We see that a carries no meaning for any document since it is contained everywhere. b is more important for the document abb than for abc as it occurs there twice.

In reality, there are more corner cases to handle than the above example does. Thanks to Scikit, we don't have to think of them, as they are already nicely packaged in TfidfVectorizer, which is inherited from CountVectorizer. Sure enough, we don't want to miss our stemmer:

>>> from sklearn.feature_extraction.text import TfidfVectorizer
>>> class StemmedTfidfVectorizer(TfidfVectorizer):
...     def build_analyzer(self):
...         analyzer = super(TfidfVectorizer,
...         return lambda doc: (
                english_stemmer.stem(w) for w in analyzer(doc))
>>> vectorizer = StemmedTfidfVectorizer(min_df=1,
                    stop_words='english', charset_error='ignore')

The resulting document vectors will not contain counts any more. Instead, they will contain the individual TF-IDF values per term.

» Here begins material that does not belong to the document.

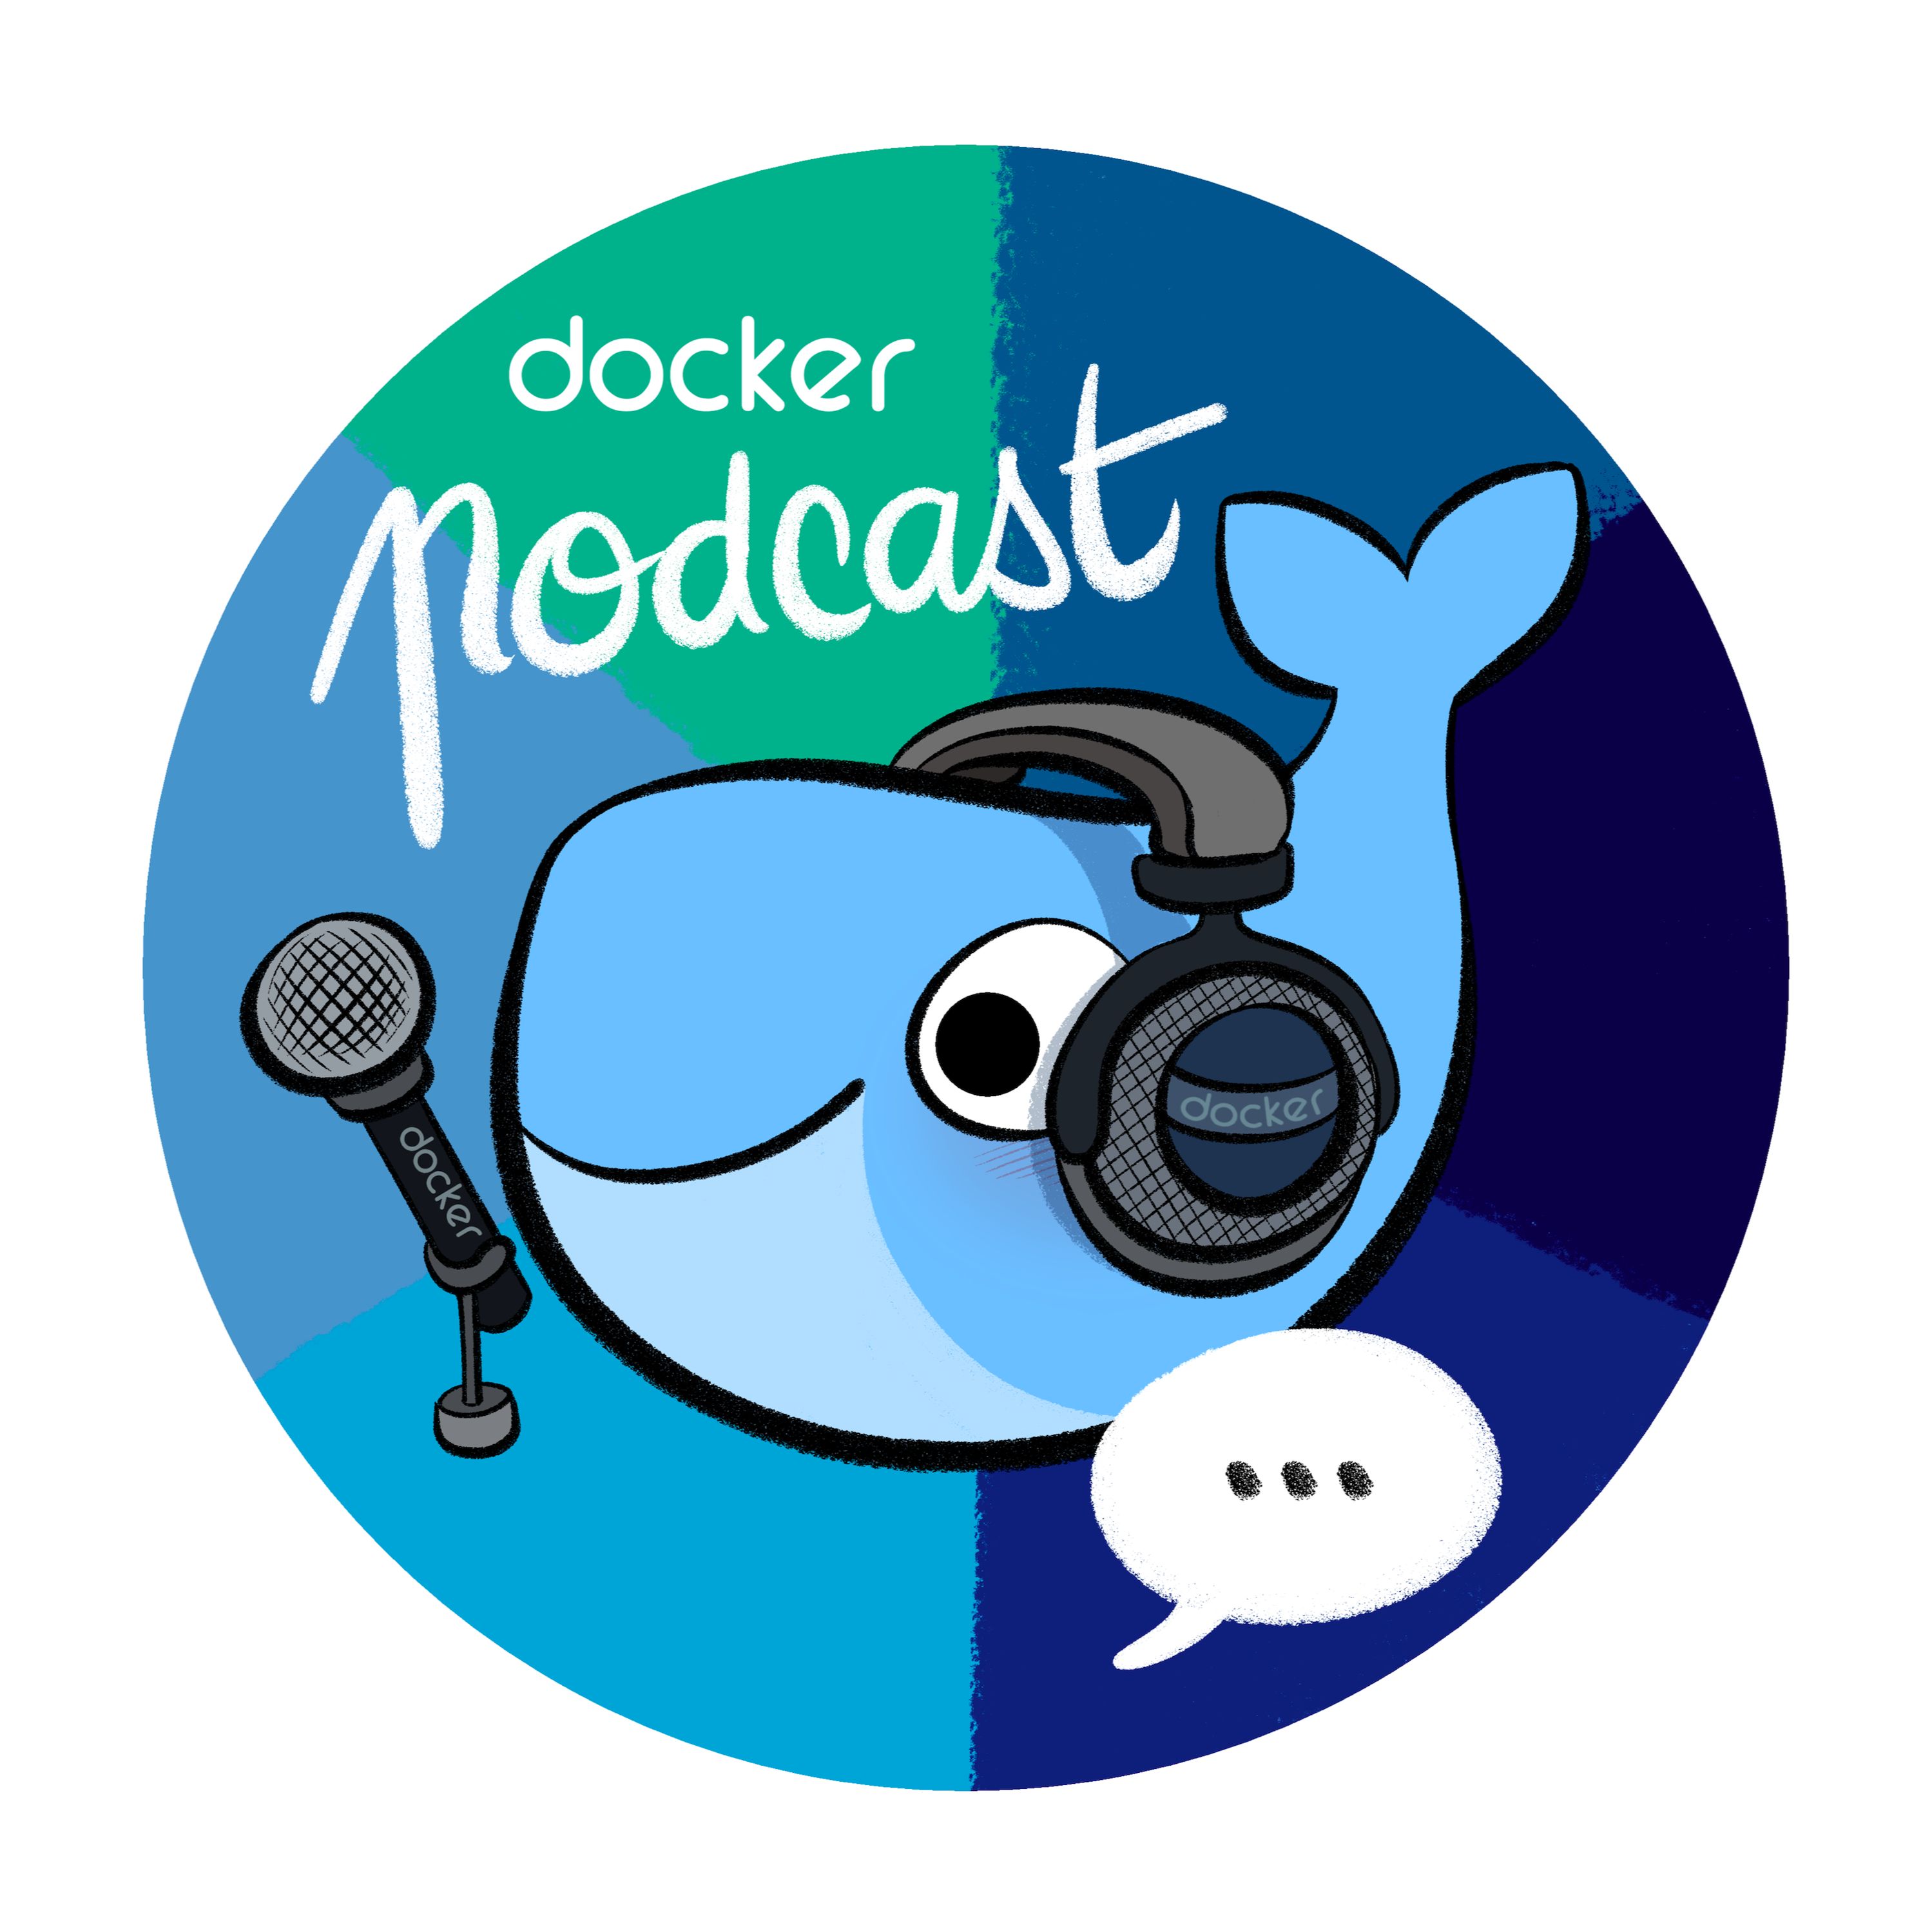 Dockercast

Our achievements and goals

Our current text preprocessing phase includes the following steps:

  1. Tokenizing the text.
  2. Throwing away words that occur way too often to be of any help in detecting relevant posts.
  3. Throwing away words that occur so seldom that there is only a small chance that they occur in future posts.
  4. Counting the remaining words.
  5. Calculating TF-IDF values from the counts, considering the whole text corpus.

Again we can congratulate ourselves. With this process, we are able to convert a bunch of noisy text into a concise representation of feature values.

But, as simple and as powerful as the bag-of-words approach with its extensions is, it has some drawbacks that we should be aware of. They are as follows:

  • It does not cover word relations. With the previous vectorization approach, the text "Car hits wall" and "Wall hits car" will both have the same feature vector.
  • It does not capture negations correctly. For instance, the text "I will eat ice cream" and "I will not eat ice cream" will look very similar by means of their feature vectors, although they contain quite the opposite meaning. This problem, however, can be easily changed by not only counting individual words, also called unigrams, but also considering bigrams (pairs of words) or trigrams (three words in a row).
  • It totally fails with misspelled words. Although it is clear to the readers that "database" and "databas" convey the same meaning, our approach will treat them as totally different words.

For brevity's sake, let us nevertheless stick with the current approach, which we can now use to efficiently build clusters from.